Dewan Perwakilan Rakyat (DPR) dicurigai hendak melemahkan kemampuan Komisi Pemberantasan Korupsi (KPK) dalam menangani perkara korupsi. Kecurigaan diapungkan para pegiat antikorupsi sekaitan rencana Komisi Hukum DPR merevisi Undang-Undang Nomor 30 Tahun 2002 tentang KPK.
Mungkin kecurigaan itu beralasan. Barangkali juga tidak signifikan. Kita tak tahu persis karena muara dari kecurigaan itu mengacu pada draf rancangan revisi yang dipersiapkan Komisi Hukum DPR. Sedangkan draf adalah teks yang diniatkan sebagai teks hukum dan karenanya menjadi sebuah orde, sesuatu yang kelak akan disepakati sebagai konvensi terkait kinerja KPK di masa yang akan datang.
Tentu, terhadap teks apa saja kita tak bisa mengabaikan kuatnya pengaruh tafsir. Artinya, kecurigaan para pegiat antikorupsi berangkat dari tafsir atas teks draf rancangan revisi. Anggota Komisi Hukum dari Fraksi Partai Golkar, Nudirman Munir, menafsirkan salah satu draf rancangan revisi atas pasal dalam UU 30 Tahun 2002 itu mengandung tafsir "agar KPK tidak seperti di masa lalu, remnya blong". Sebab itu, pengawasan terhadap kinerja KPK harus diperketat.
Tapi, justru karena tafsir semacam itu, para pegiat antikorupsi mengkhawatirkan independensi KPK akan rusak. Pengawasan yang terlalu ketat akan membuat KPK sulit bergerak, sukar bertindak, dan ragu membuat keputusan. Terutama bila perkara korupsi masih kita terima sebagai kasus hukum luar biasa, yang kait-berkait dengan banyak hal, termasuk juga sering membuat kinerja DPR menjadi tampak buruk sekali.
***
TERLALU banyak hal yang tak sesuai bila segala sesuatu kita kait-kaitkan dalam kehidupan berbangsa dan bernegara. Termasuk juga eksistensi KPK sebagai lembaga yang bertanggung jawab untuk memberantas korupsi, yang sampai sekarang lebih terkesan sebagai lembaga pengungkit batu sejak Abraham Samad dilantik sebagai Ketua KPK oleh Presiden SBY pada 16 Desember 2011.
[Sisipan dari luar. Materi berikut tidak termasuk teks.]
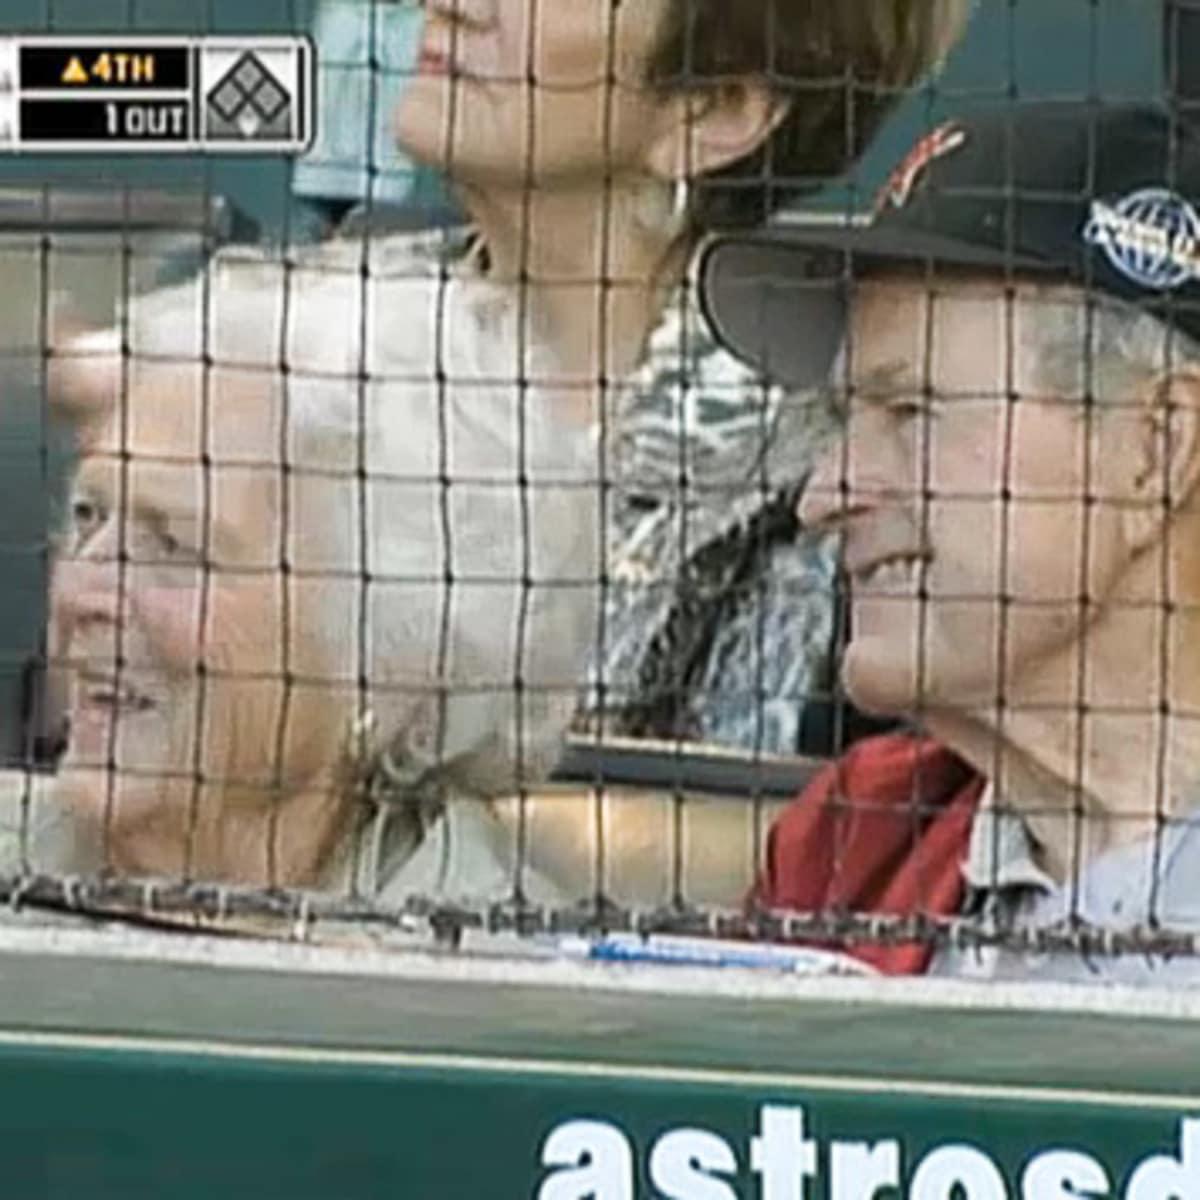 News_Opening day_Astros_Barbara Bush_George Bush

Sudah banyak kasus korupsi yang diungkap KPK. Saking banyaknya, negeri ini menjadi goyah, karena korupsi bisa ditemukan hampir di semua lini kehidupan. Semua lembaga Negara ditengarai jadi sarang koruptor. Bahkan, Departemen Agama tidak terkecuali.
Belum lagi jika kita bicara dari aspek personality, bahwa ternyata hampir tak ada seorang elite pun di negara ini yang tak terindikasi terlibat korupsi. Cuma, belum semuanya terungkap. Lagi pula, setiap koruptor sudah menjadi lebih cerdas untuk menghindar dari segenap tuduhan. Disamping karena faktor hukum di negeri ini selalu tajam ke bawah tetapi tumpul ke atas.
Sayangnya, banyak kasus korupsi yang berhasil diungkapkan KPK, ternyata sedikit tersangka korupsi yang divonis-- kita tidak perlu mempersoalkan pantas atau tidak jumlah hukuman yang diderakan. Padahal, KPK adalah lembaga super yang memiliki banyak kewenangan, mulai dari menangkap, menyidik, sampai menutut para tersangka perkara korupsi.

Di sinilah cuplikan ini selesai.